The answer to the last question was easy: I left her in Hell, abandoned her when I could have saved her. Why would she talk to me? Really, why would she help me?
Because she cares for Trevor.
“She told me what I told you. The three boys knowing each other, knowing Trevor.”
“And she said he was in danger?”
“Not in so many words,” she admitted. “But I thought it better you knew.”
I wanted to be angry at her for scaring me, like her pointing out the danger my son was in made her responsible. She wasn’t...I was. If I didn’t have this damn job, Trevor would be just another teenager deciding for himself if Heaven and Hell, God and the devil were real or not.
Through my anger, I realized it was better to know and be cautious than have something happen to my son.

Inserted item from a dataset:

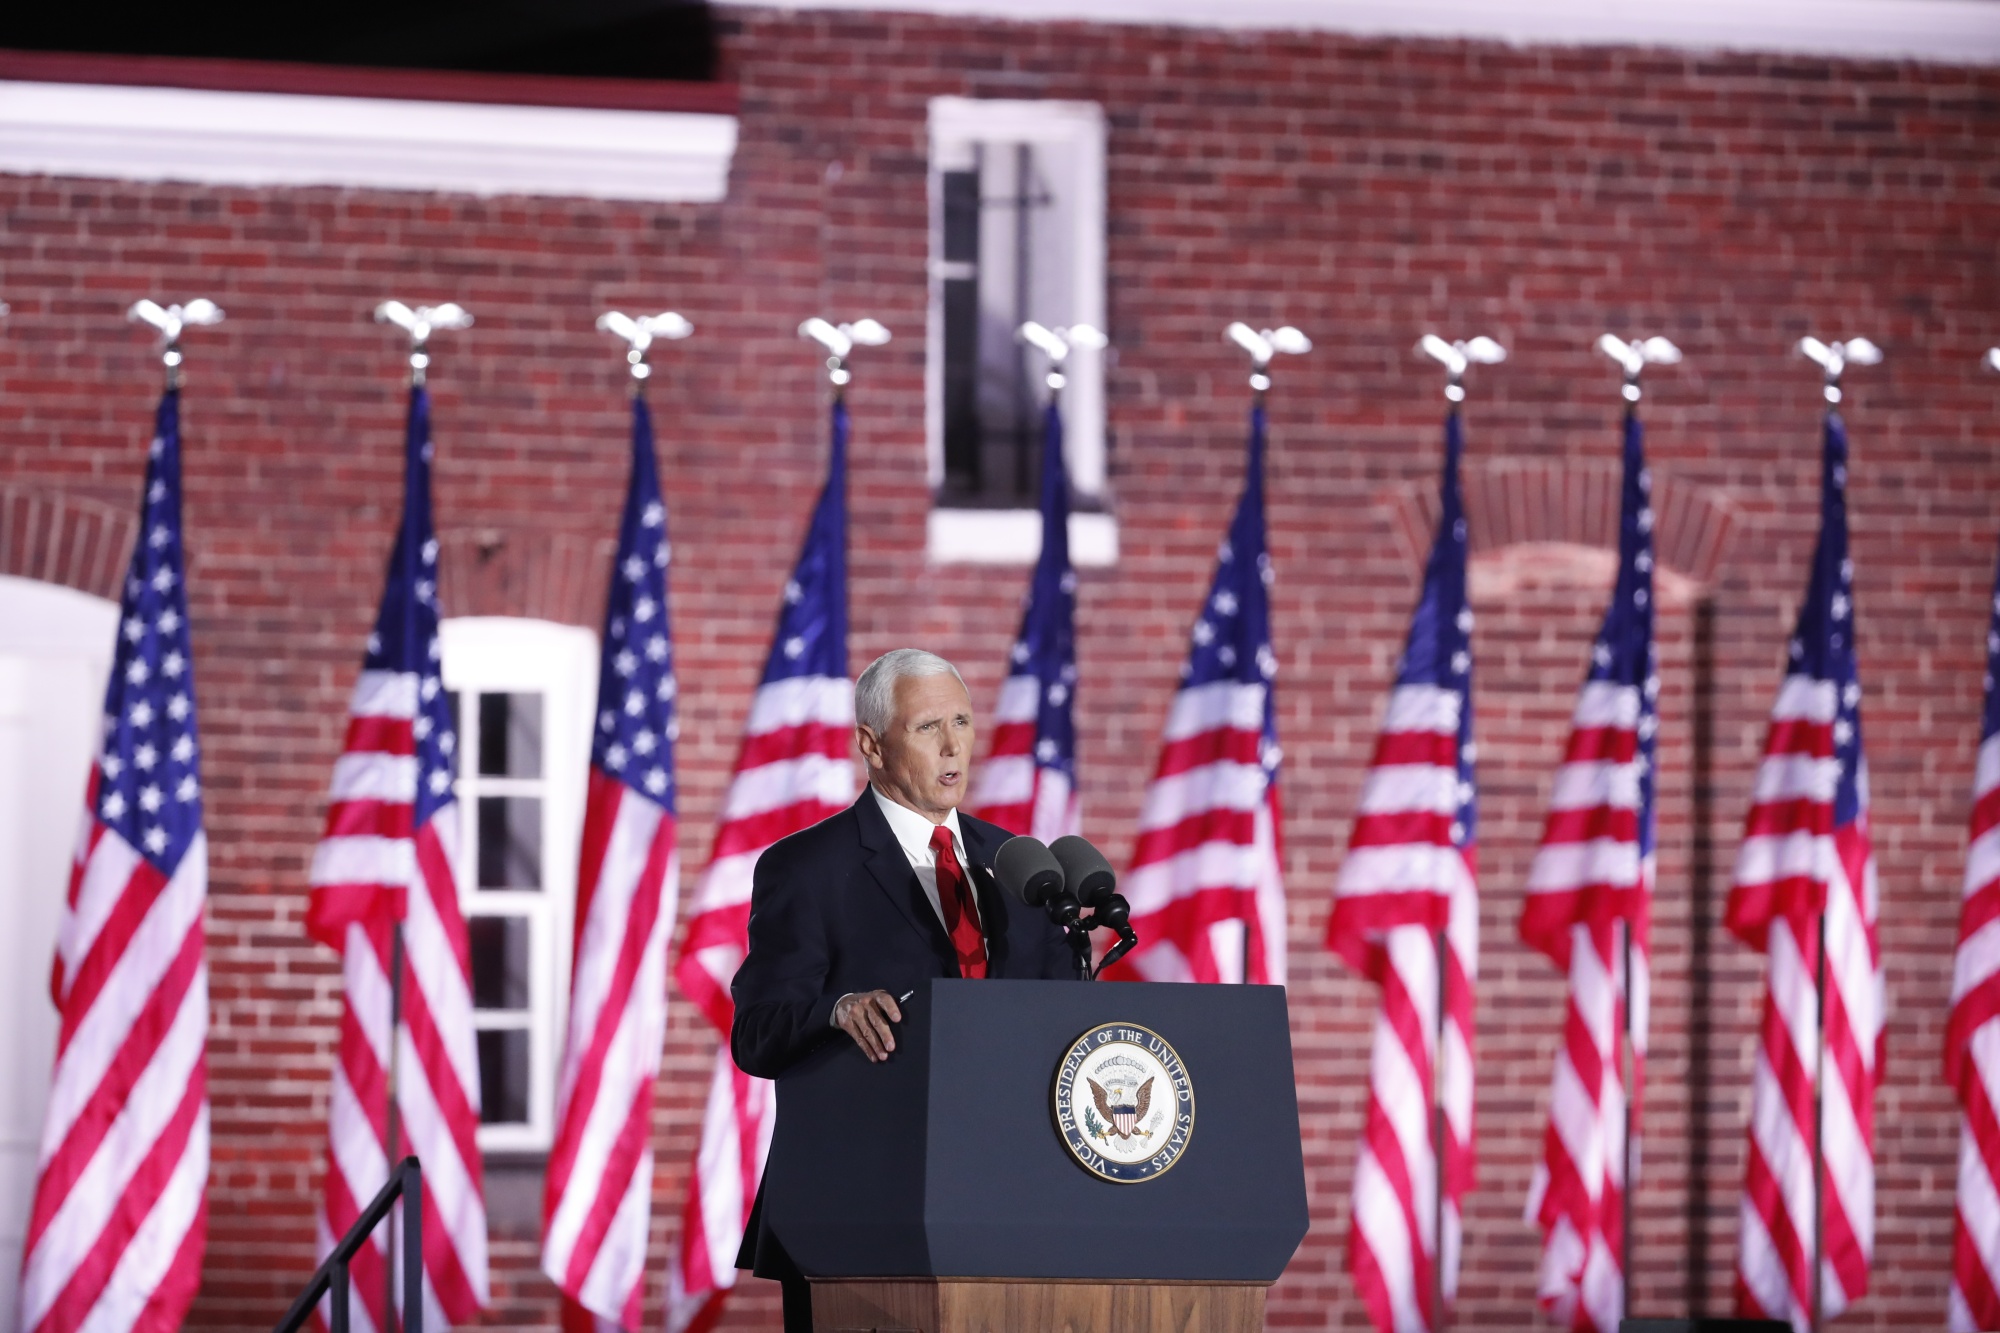 Mike Pence speaks during the Republican National Convention at Fort McHenry National Monument and Historic Shrine in Baltimore, Maryland, U.S., on Aug. 26.

Though my lips remained pressed tight together and my eyebrows lowered, I nodded at her, the best show of appreciation I could muster.
“Okay, I’ll make sure he’s all right.” I glanced at my watch: eight-fifty. “It’s too late to catch him before school. I’ll go this afternoon.”
I picked at the remainder of the hash browns on my plate with my fork, but my appetite had left me, though which revelation caused my lack of hunger—my son in danger or the idea that Poe might not be quite as trapped in Hell as I thought—was up for debate. Or maybe it was both.
“Icarus.”
I looked up from pushing chunks of potatoes around my plate and found Dido staring at me. I raised an eyebrow.
“Please don’t tell anyone.”
“Tell anyone?”
“That I spoke to Poe.”
“Right. What would happen if they found out?”